▶ Data excerpts
::::::

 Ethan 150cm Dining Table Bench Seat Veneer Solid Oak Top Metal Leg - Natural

::::::

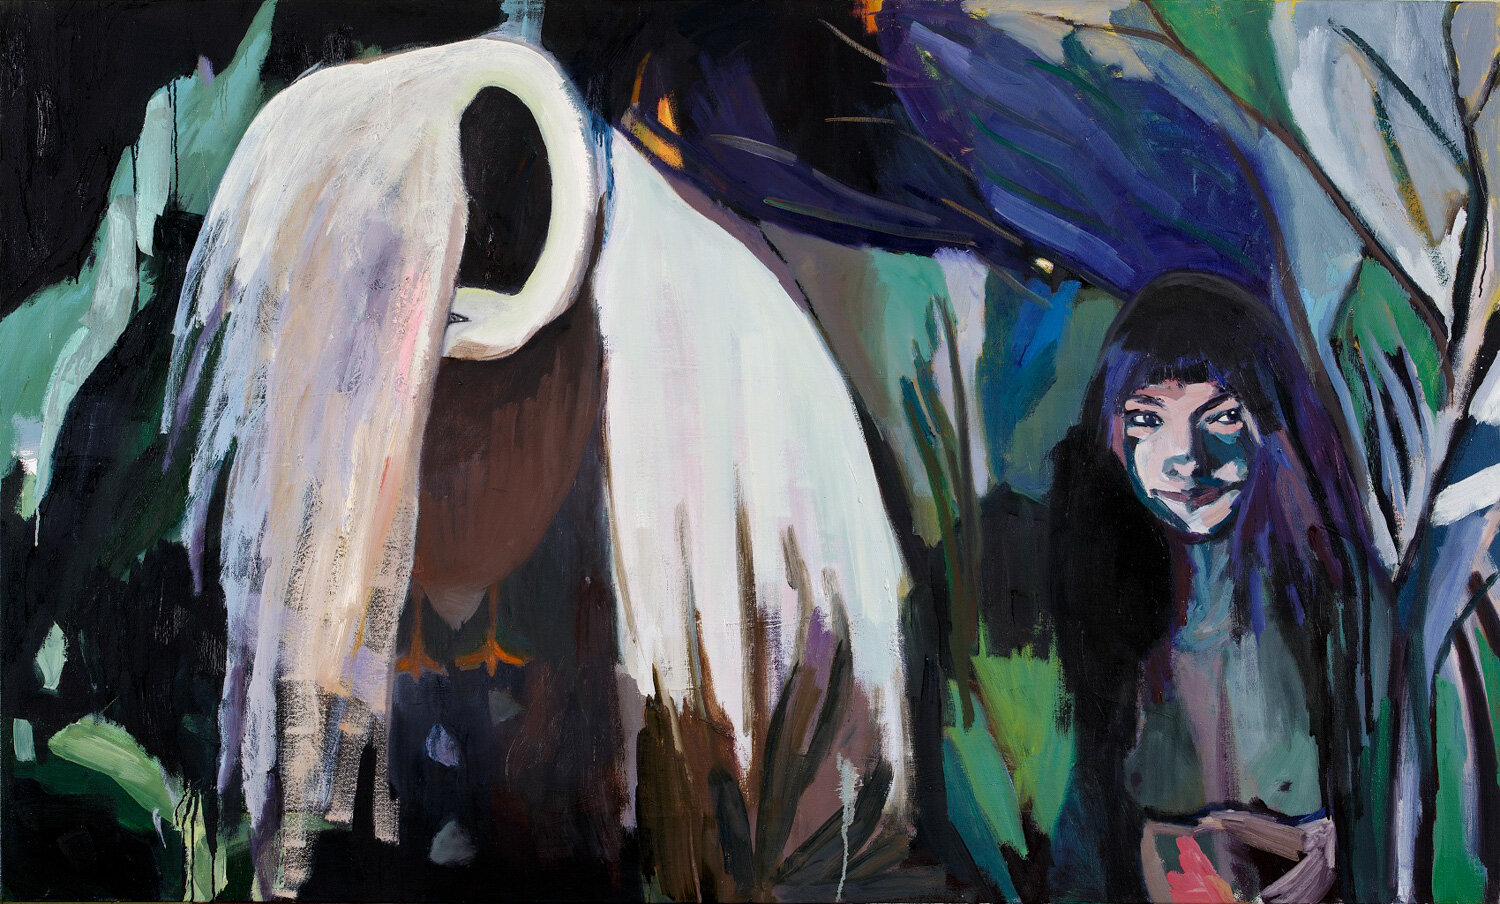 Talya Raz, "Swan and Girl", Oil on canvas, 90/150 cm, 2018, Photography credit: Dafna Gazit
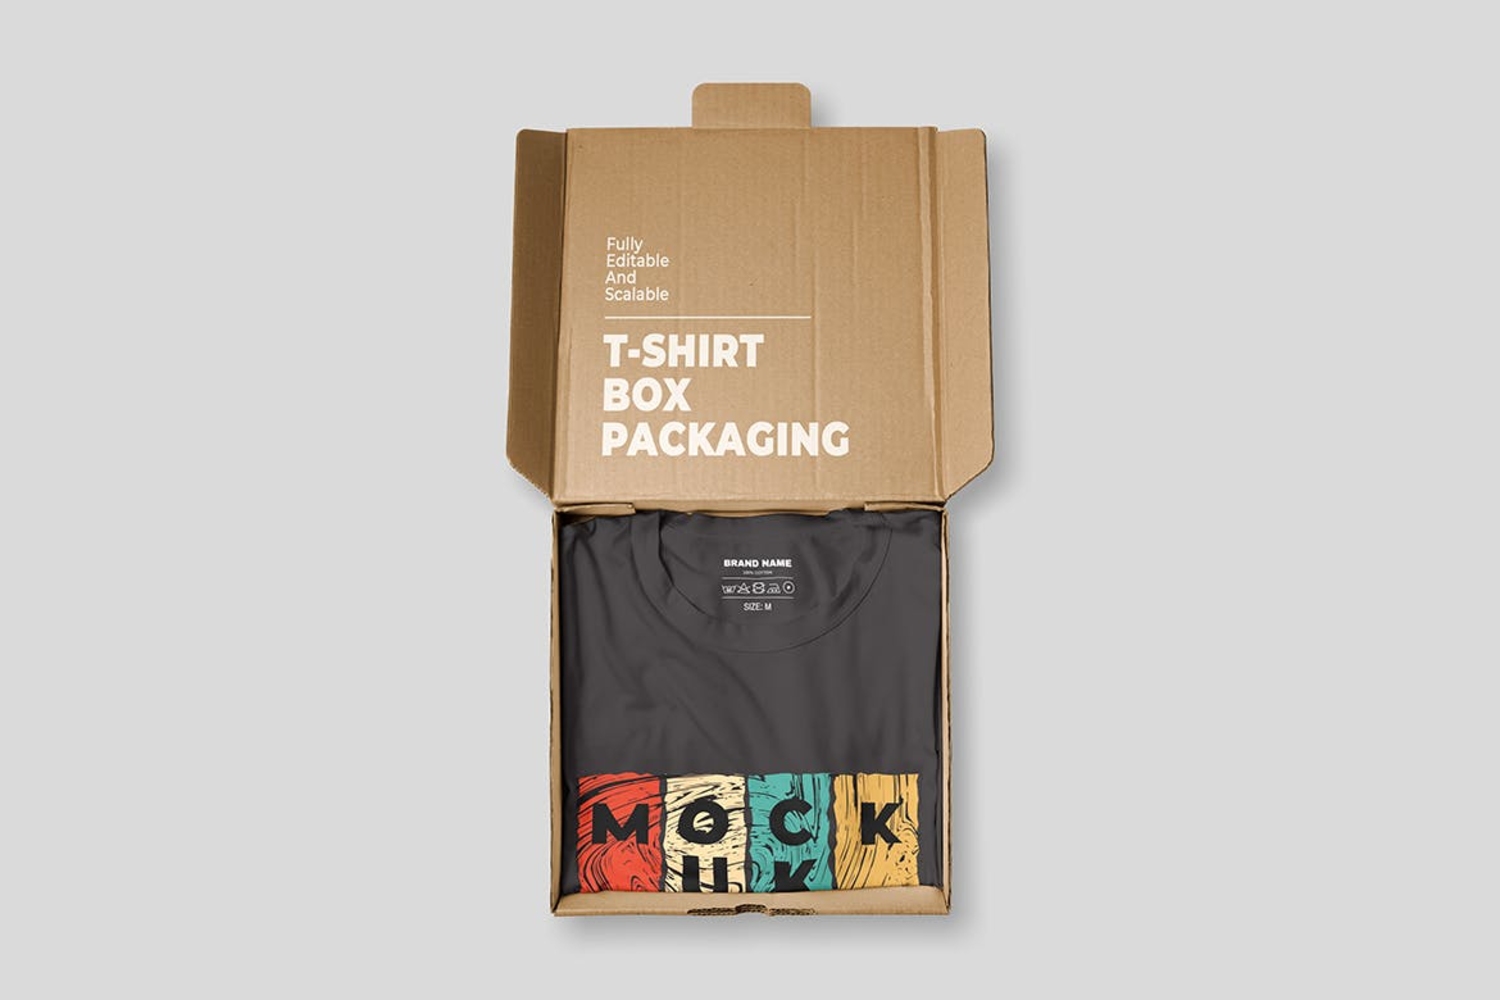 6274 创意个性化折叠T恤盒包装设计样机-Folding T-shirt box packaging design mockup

::::::

▶ Work instructions
Give again, exactly as written above, each line from the one that has "credit: Dafna Gazit" to the one that has "6274 创意个性化折叠T恤盒包装设计样机-Folding T-shirt", both included; omit the pictures.

▶ Reply
 Talya Raz, "Swan and Girl", Oil on canvas, 90/150 cm, 2018, Photography credit: Dafna Gazit
 6274 创意个性化折叠T恤盒包装设计样机-Folding T-shirt box packaging design mockup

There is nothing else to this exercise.